Summary
A soot-smudged parable of Gilded-Age America, The Woman God Sent weds Dickensian gloom to Capitol-Hill melodrama: Margaret Manning—orphaned by a mother’s early grave and a ward-heeling father’s convenient absence—learns the clang of looms before she masters cursive. The Finns, a surrogate clan whose surname hints at both charity and fatalism, feed her scraps of kindness and send her to the mill where children stoop like aged monks. Night school becomes her candle in that cavern; the classroom’s chalk squeaks out a manifesto against the sin of tiny fingers caught in flywheels. Armed with statistics and a quiver of moral outrage, she rides the rails to Washington, a modern Joan fusing Social-Gospel fervor with first-wave feminism. There she collides with Jack West, heir to a dynasty of smoke-filled rooms, whose silk lapels still smell of campaign cigars. Their courtship is conducted in marble corridors where every whisper ricochets off busts of dead statesmen. Senator Mathews—part kingmaker, part serpent—sees in Margaret’s anti-child-labor bill a blade to eviscerate his rival, Jim Connelly, the very titan who sired her and vanished. A dossier flung across a mahogany desk detonates Jack’s trust: the woman he worshipped is the daughter of the machine he despises. Yet the climax refuses cynicism; Connelly, broken by public exposure, lifts his gray head in a cathedral of reporters and pronounces his daughter the better part of himself. The bill passes; the factory whistles fall silent for one reverent breath; Margaret’s face, framed in a window of the Capitol, becomes a secular icon of absolution.
Synopsis
Margaret Manning, a poor waif who lost her mother early in her childhood and was deserted by her machine-politician father Jim Connelly is raised by the Finns, a poor family who sends her to work in the factory.
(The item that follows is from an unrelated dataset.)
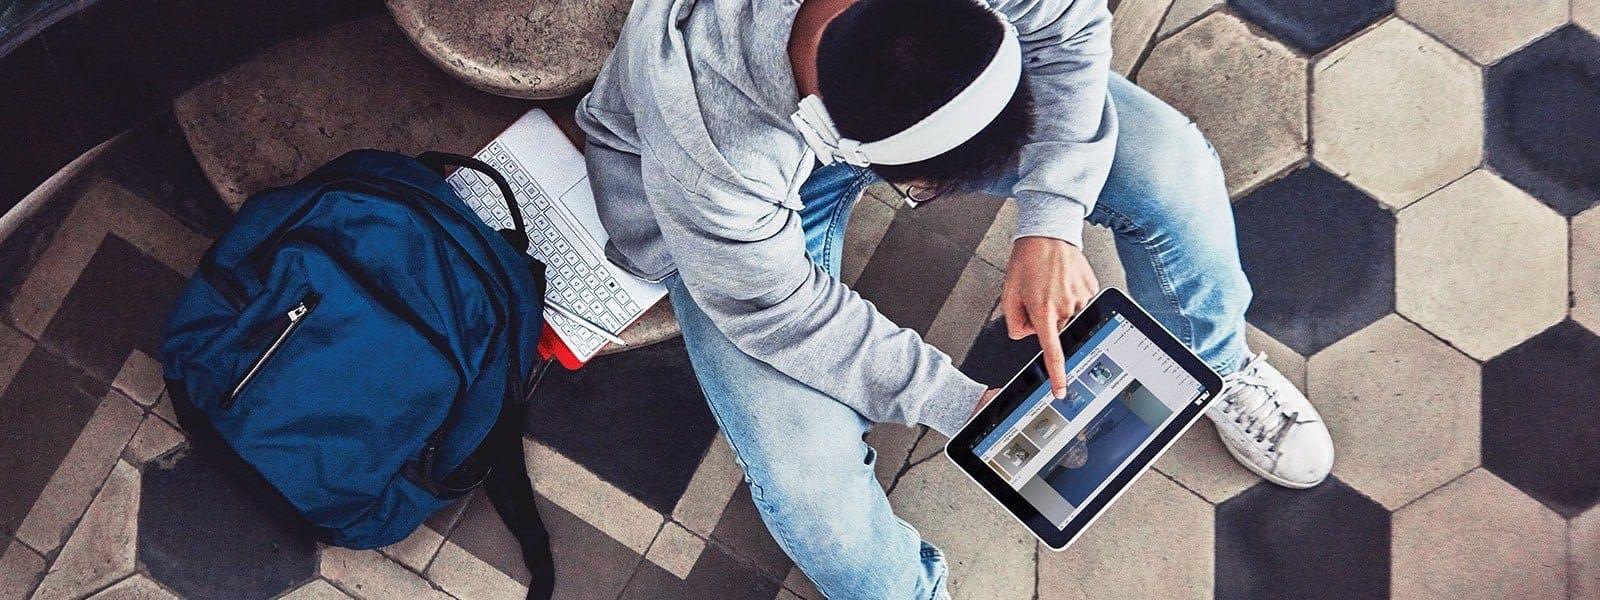 طالب ينظر إلى جهاز مستند إلى Windows 10
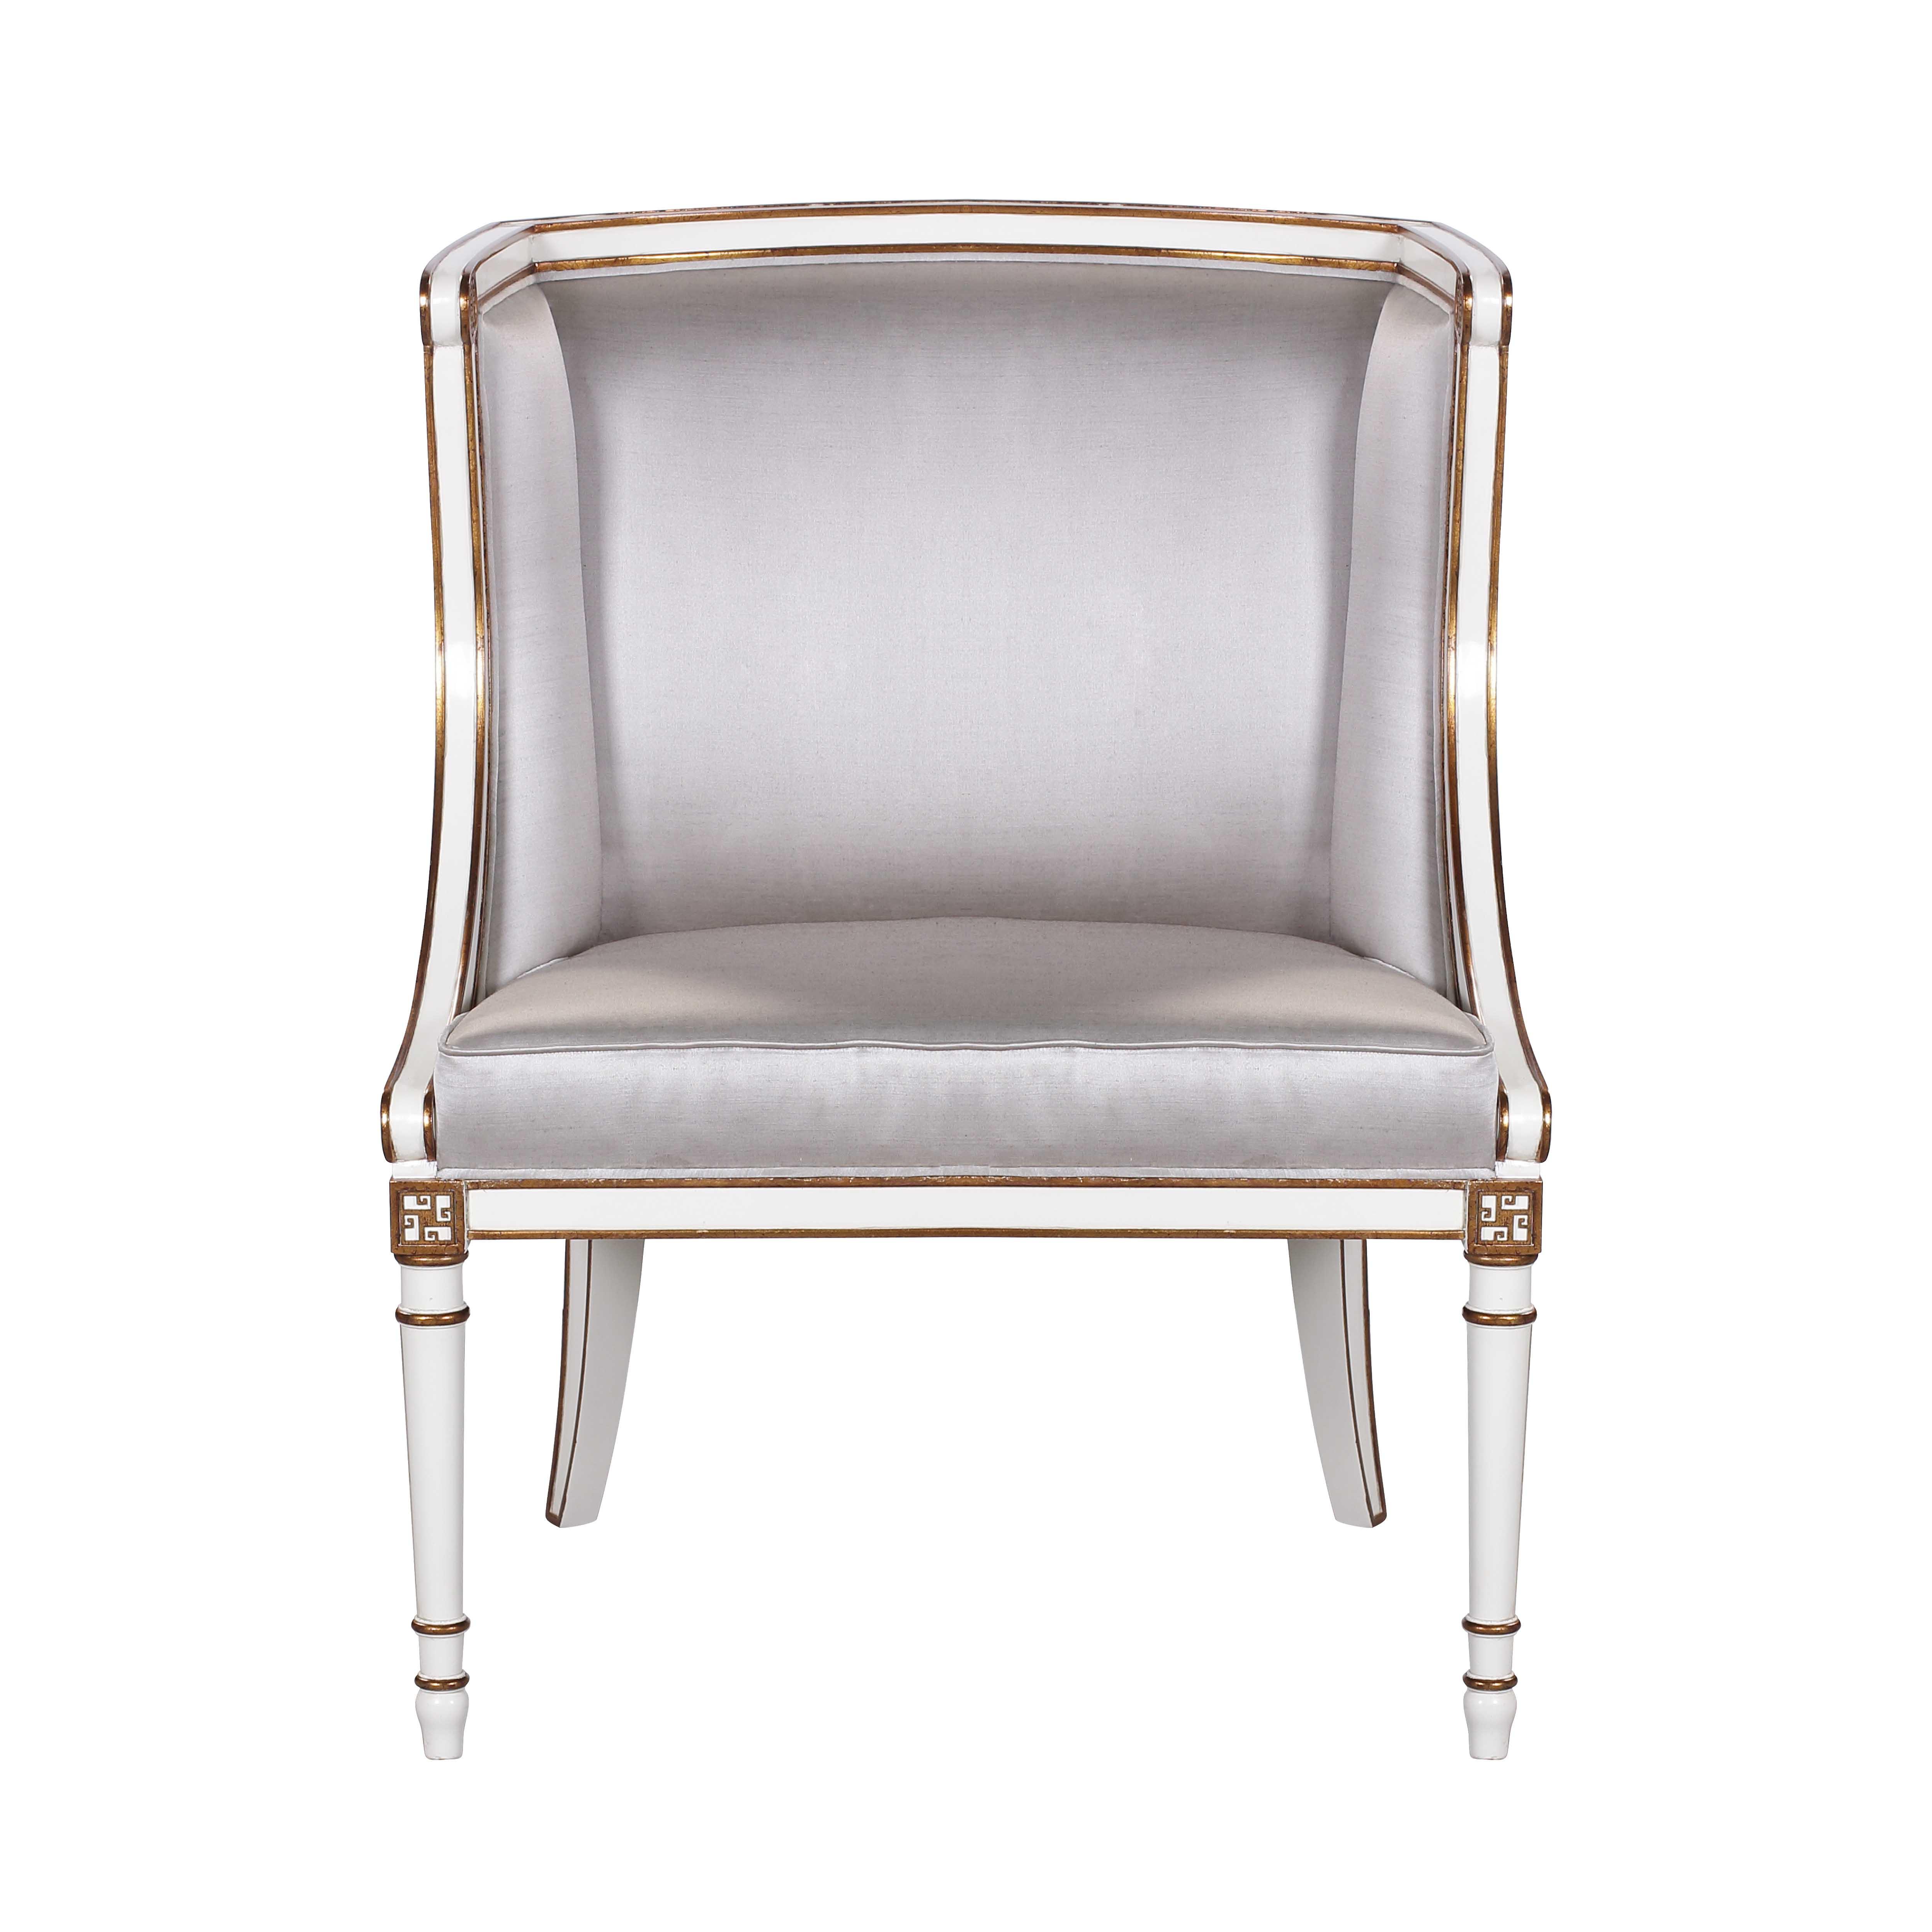 34277 - Chair Orgullo, JWI + NF9 + 121 - 1 copy

The evils of such a life make a deep impression on Margaret, who attends night school to better herself. Assuming the leadership in a campaign to abolish child labor, she journeys to Washington, D.C., where she falls in love with Jack West, the son of a wealthy politician. Margaret's bill is backed by Senator Mathews, who decides to discredit his opponent, Jim Connelly, by investigating his past. He discovers that Margaret is Connelly's daughter, a fact that shakes Jack's faith in her. However, when Connelly finally admits that he is beaten and praises his daughter's tenacity, Jack's faith is restored, and the bill is passed to the benefit of thousands of factory workers.